According to the technical scheme of the embodiment of the invention, the entity extraction method comprises the steps of obtaining a plurality of historical operation and maintenance text data, preprocessing the historical operation and maintenance text data, marking the entity and entity types to obtain a marking result, training the preprocessed historical operation and maintenance text data and the marking result to obtain an entity extraction model, and extracting the entity and entity types of the operation and maintenance text data by adopting the entity extraction model. The preprocessing comprises word segmentation processing, disabling word processing and part-of-speech tagging, the disabling word processing is performed by adopting an operation and maintenance disabling word stock, the characteristics of the operation and maintenance field are fully utilized, the accuracy and the effectiveness of entity extraction in the operation and maintenance field are improved, and the extracted entity effectiveness is higher by adopting and combining the part-of-speech tagging; the method is carried out in an unsupervised mode when constructing the deactivated word library and labeling the entity and entity types, so that the labeling efficiency is improved, the labeling cost is reduced, the historical operation and maintenance text data is labeled by label expansion, the labeling efficiency and accuracy are improved, and the efficient management of operation and maintenance events is realized.

The above embodiments do not limit the scope of the present invention. It will be apparent to those skilled in the art that various modifications, combinations, sub-combinations and alternatives can occur depending upon design requirements and other factors.
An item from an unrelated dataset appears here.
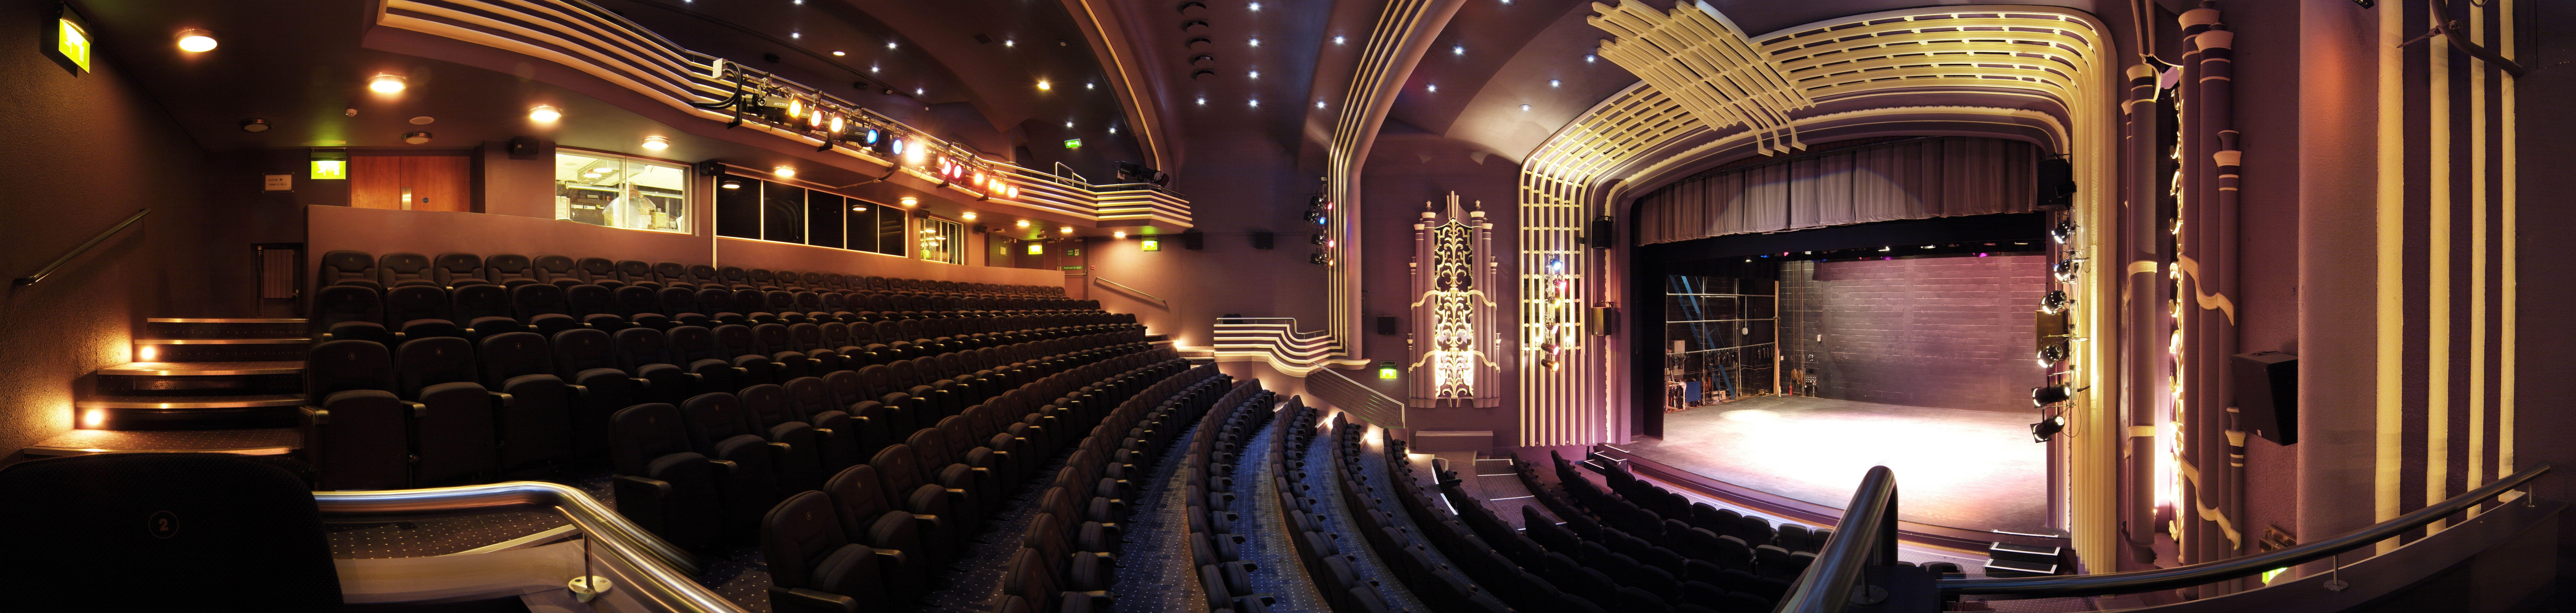 Horsham Arts Centre - The Capitol Theatre interior & stage   LA ...

Any modifications, equivalent substitutions and improvements made within the spirit and principles of the present invention should be included in the scope of the present invention.

Claims

1. A method for training an entity extraction model, comprising:

acquiring a plurality of historical operation and maintenance text data;

2. The training method according to claim 1, wherein the operation and maintenance disabling word stock is obtained by:

Acquiring a plurality of first operation text data;

3. The training method according to claim 1, wherein labeling the entity in the preprocessed historical operation and maintenance text data and the entity type corresponding to the entity to obtain a labeling result comprises:

4. The training method of claim 3, further comprising, after extracting the entity and the entity type from the first historical operation and maintenance text data using a predetermined pattern:

5. The training method of claim 3, wherein labeling the entity in the preprocessed historical operation and maintenance text data and the entity type corresponding to the entity to obtain a labeling result comprises:

6. The training method of claim 5, wherein determining the entity and entity type of the second historical operation and maintenance text data based on the extracted entity and entity type comprises:

7. The training method of claim 1, wherein the preprocessed historical operation and maintenance text data comprises part-of-speech tagging results; training to obtain an entity extraction model according to the preprocessed historical operation and maintenance text data and the labeling result, wherein the entity extraction model comprises the following steps:

8. A method of entity extraction, comprising:

acquiring operation and maintenance text data;

wherein the entity extraction model is obtained according to the training method of any one of claims 1-7.

9. A training device for entity extraction models, comprising:

10. An apparatus for entity extraction, comprising:

the second acquisition module acquires operation and maintenance text data;

wherein the entity extraction model is obtained by using the training method of any one of claims 1-7.

11. An electronic device, comprising:

one or more processors;

storage means for storing one or more programs,

when executed by the one or more processors, causes the one or more processors to implement the method of any of claims 1-8.

12. A computer readable medium, on which a computer program is stored, characterized in that the program, when being executed by a processor, implements the method according to any of claims 1-8.